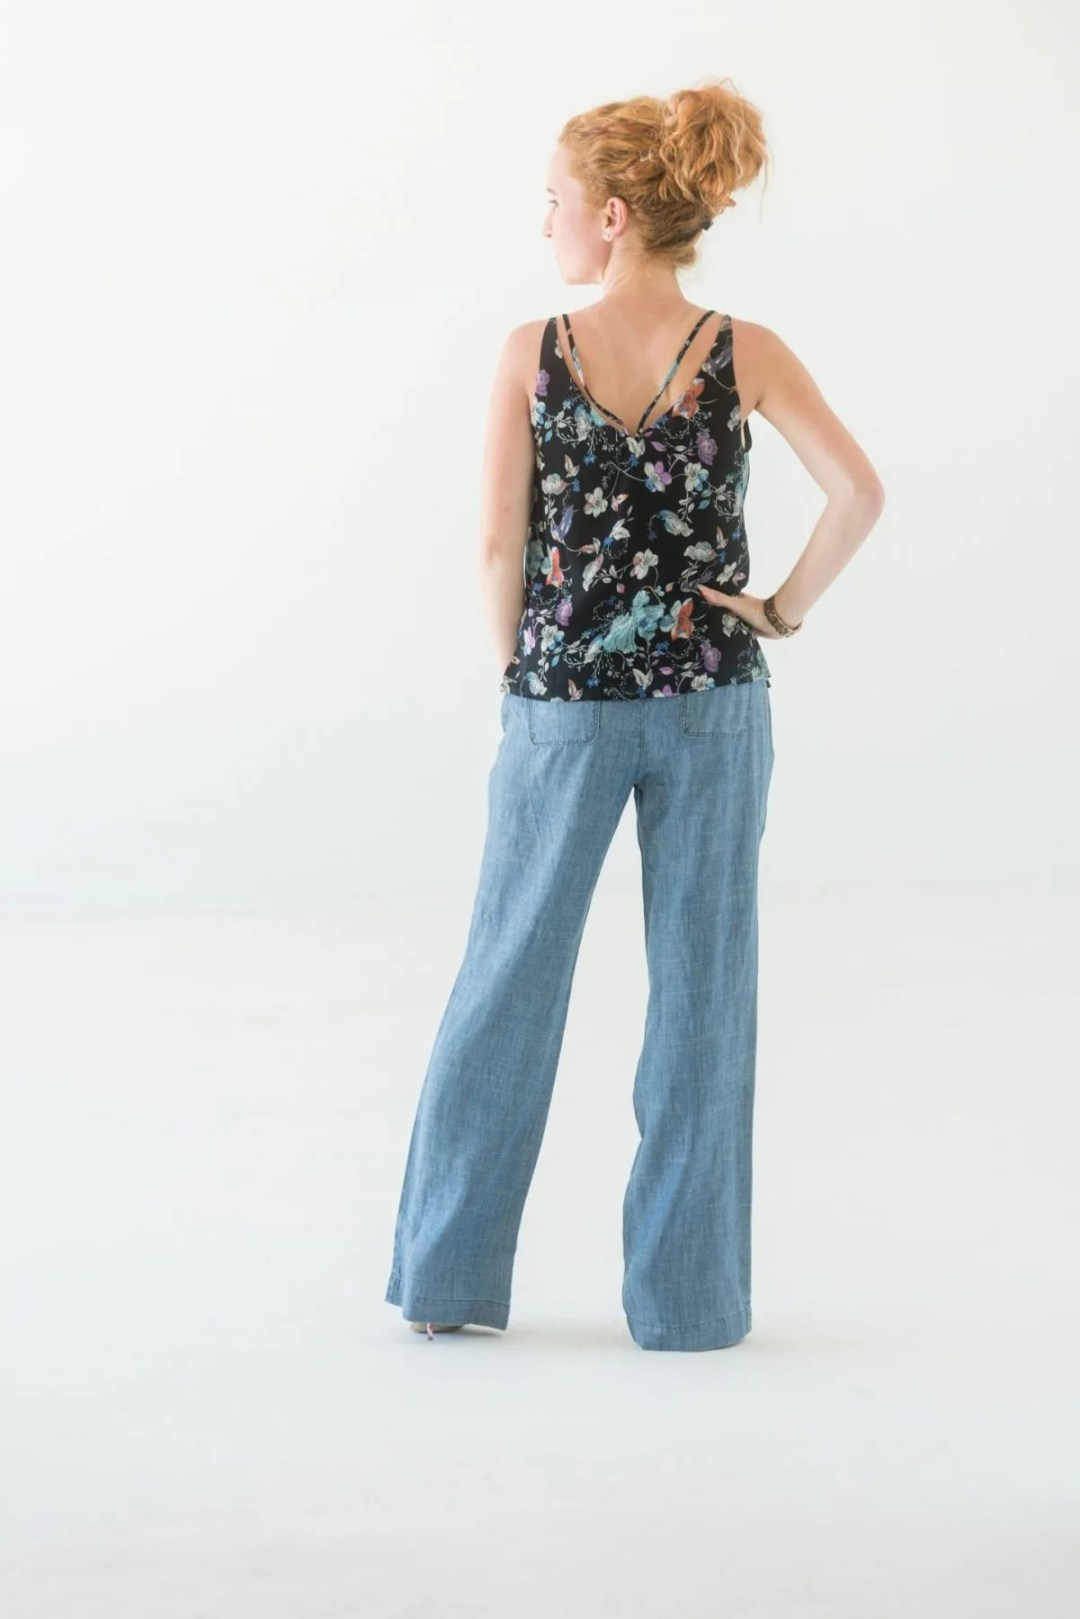 Spring Wardrobe Update
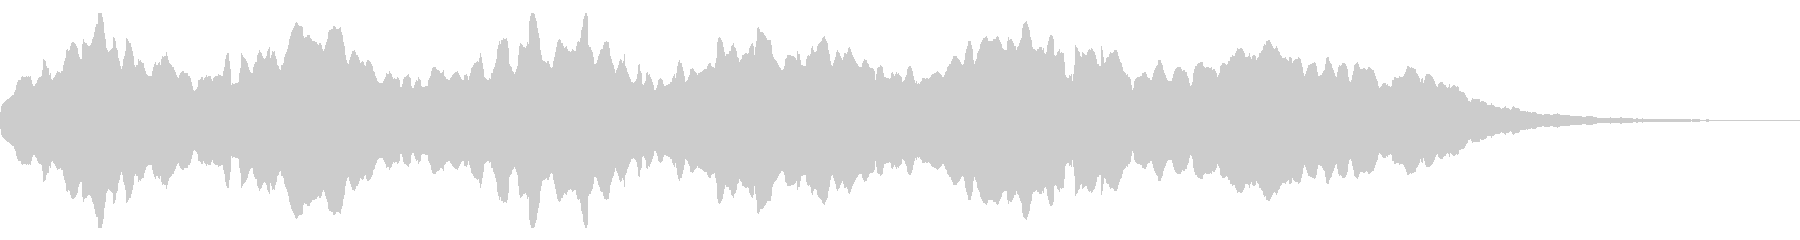 エイリアンチルドレンの未再生の波形
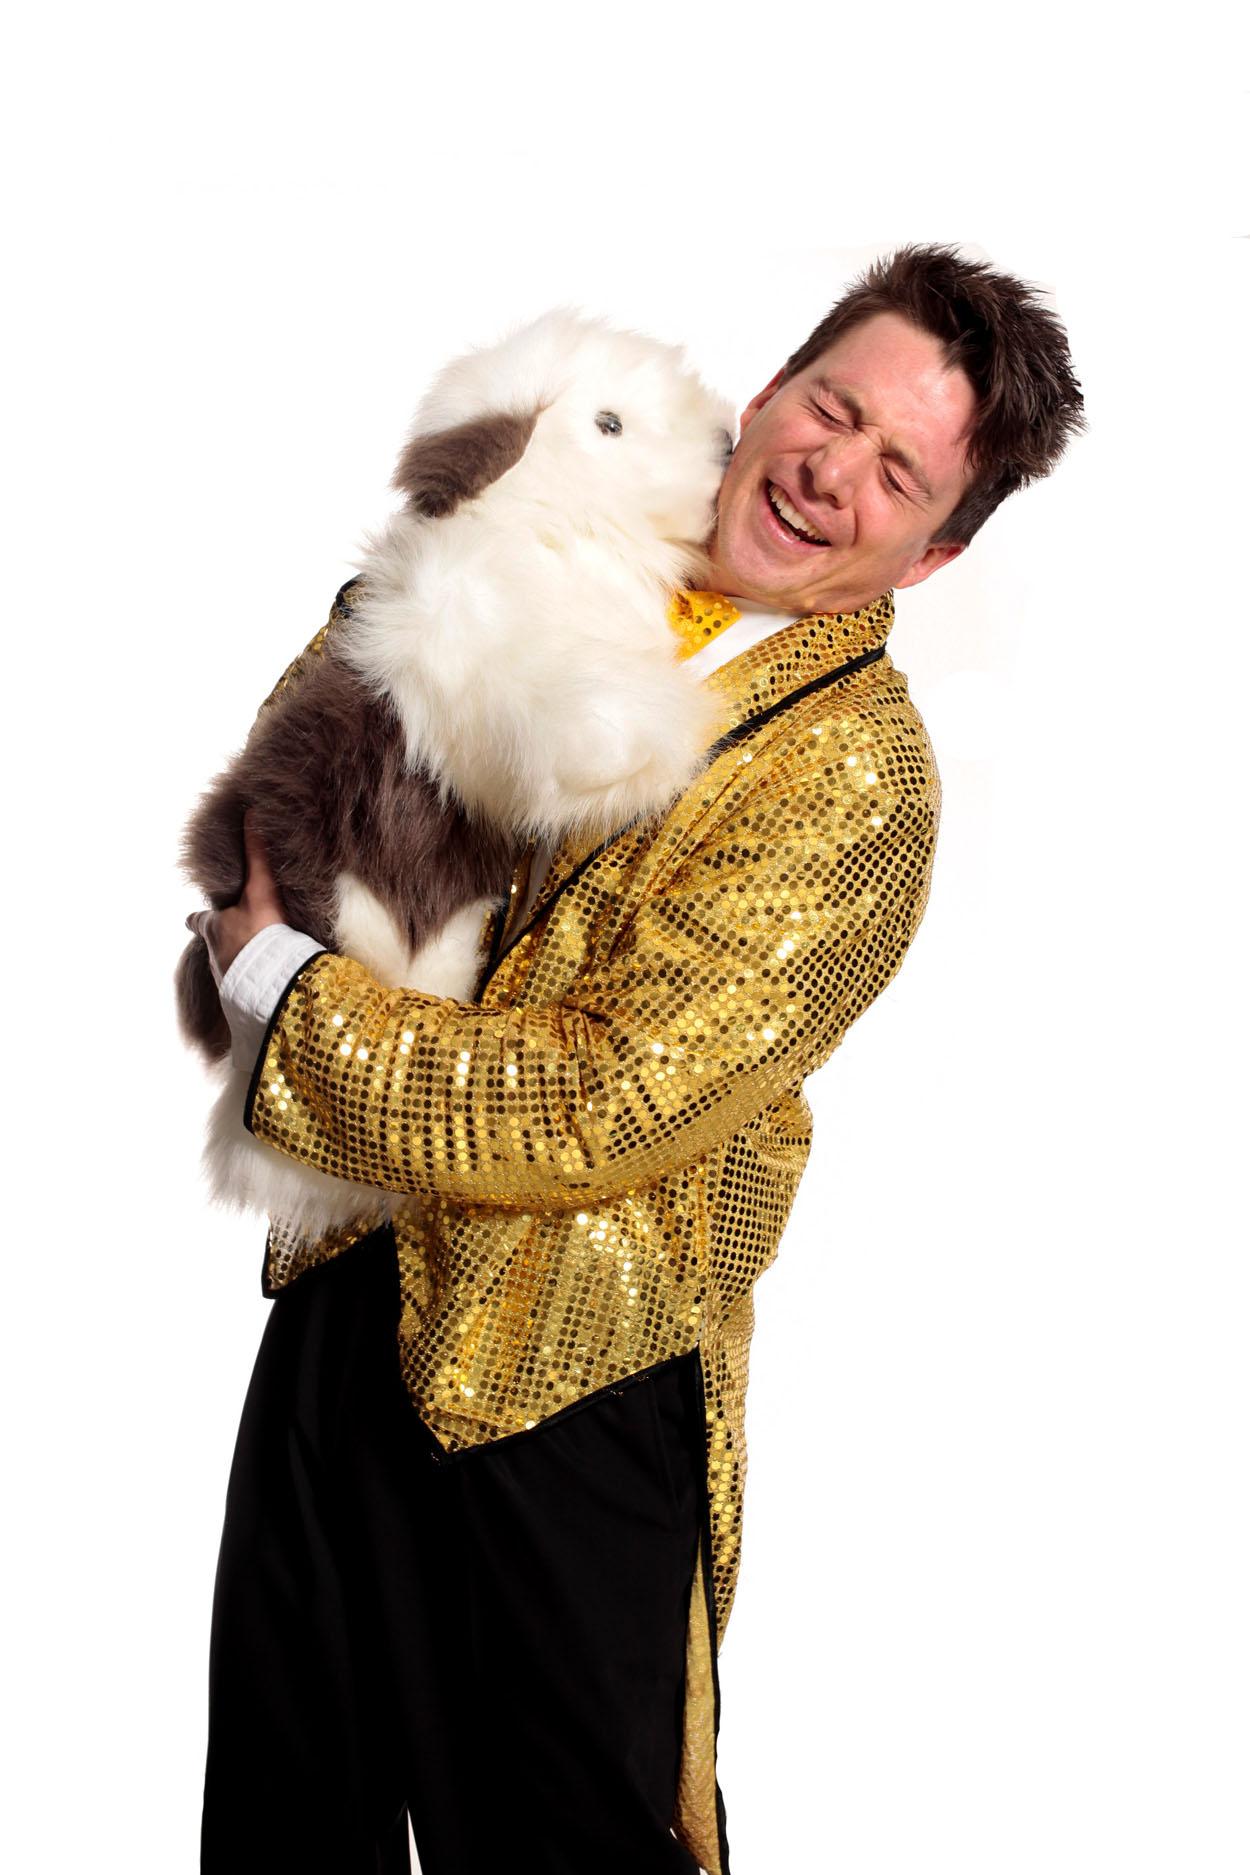 Der lustige Hund von Zauberer Magic Martin

Task: Restate, exactly as they appear, the line with "エイリアンチルドレンの未再生の波形" and all the lines after it up to the end of the data above; images do not belong in the copy.

Reply to the task:
 エイリアンチルドレンの未再生の波形
 Der lustige Hund von Zauberer Magic Martin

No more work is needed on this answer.